The bodies of animals (except sponges) are made up of cells organized into tissues, each tissue specialized to some degree to perform specific functions. In most, tissues are organized into even more specialized organs.

Most animals are capable of complex and relatively rapid movement compared to plants and other organisms, and all animals are motile during some stage of life. Most reproduce sexually, by means of differentiated eggs and sperm. Most animals are diploid, meaning that the cells of adults contain two copies of the genetic material. The development of most animals is characterized by distinctive stages, including a zygote, formed by the product of the first few division of cells following fertilization; a blastula, which is a hollow ball of cells formed by the developing zygote; and a gastrula, which is formed when the blastula folds in on itself to form a double-walled structure with an opening to the outside, the blastopore. The cells of animals do not have cell walls.

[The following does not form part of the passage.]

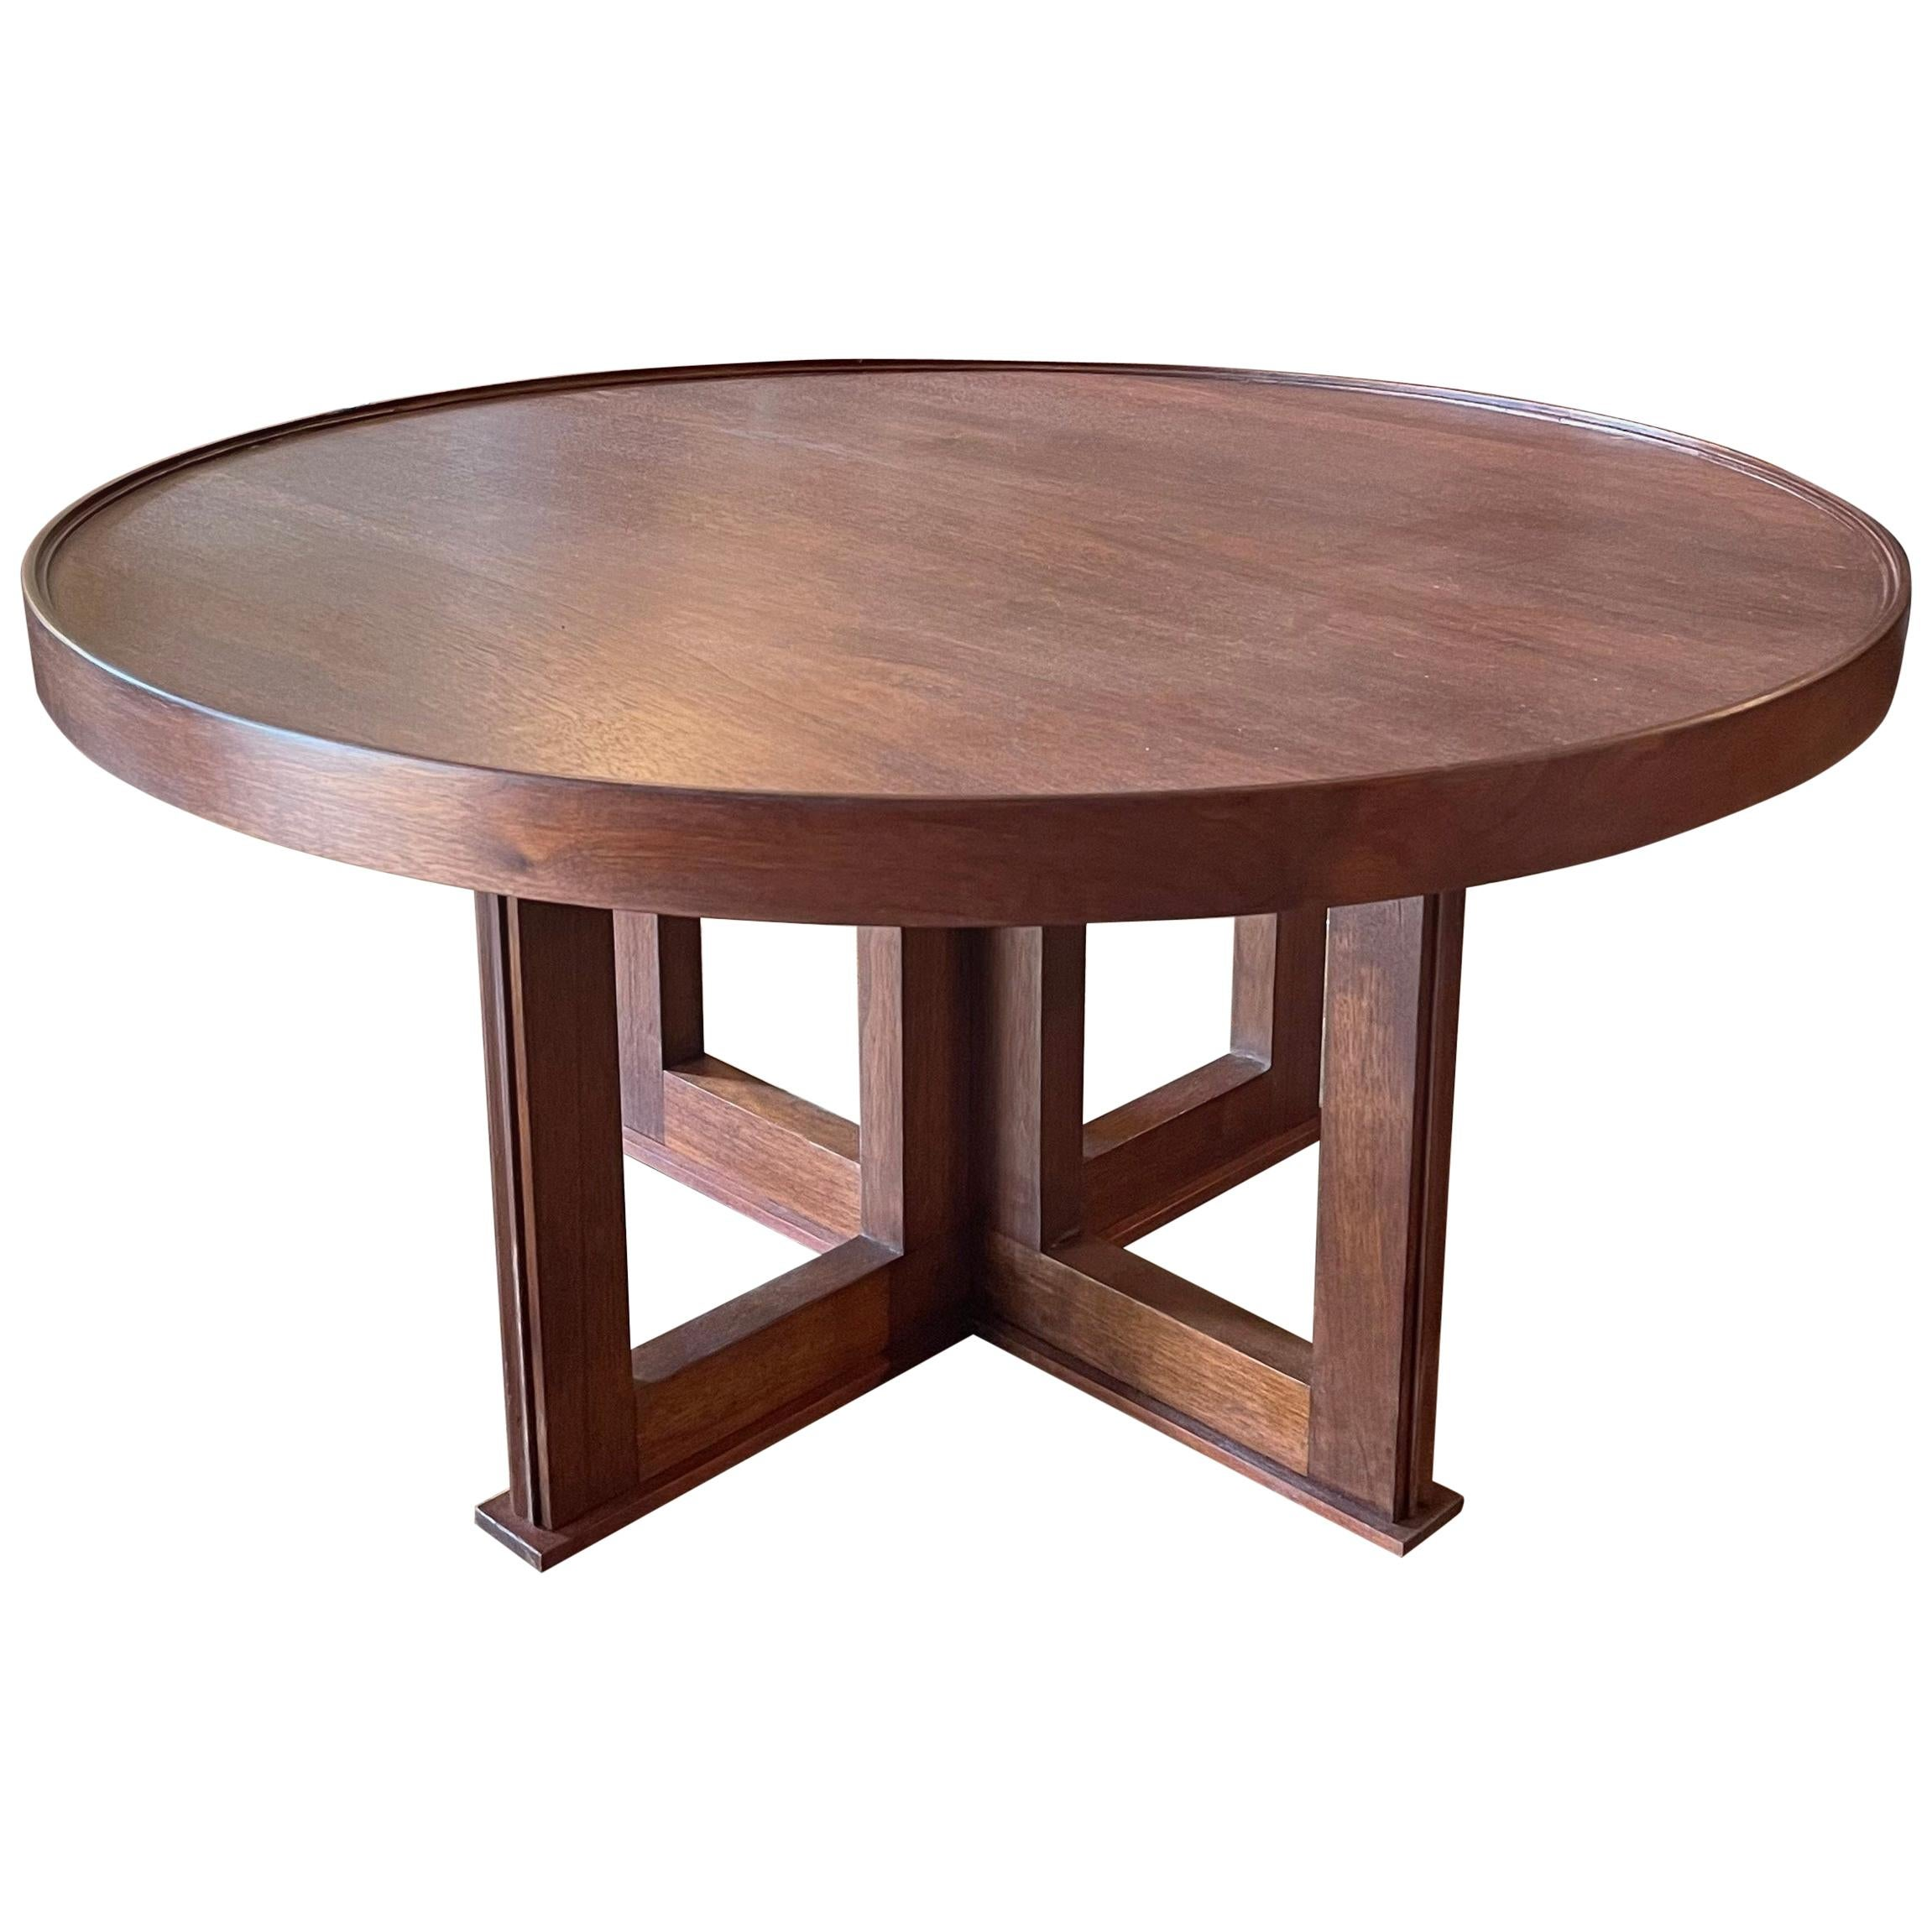 Midcentury Round Walnut Coffee Table

Somewhere around 9 or 10 million species of animals inhabit the earth; the exact number is not known. Animals range in size from no more than a few cells to organisms weighing many tons, such as blue whales and giant squid. By far most species of animals are insects, with groups such as mollusks and nematodes also being especially diverse. By this measure our own group, the vertebrates, is relatively inconsequential.[1]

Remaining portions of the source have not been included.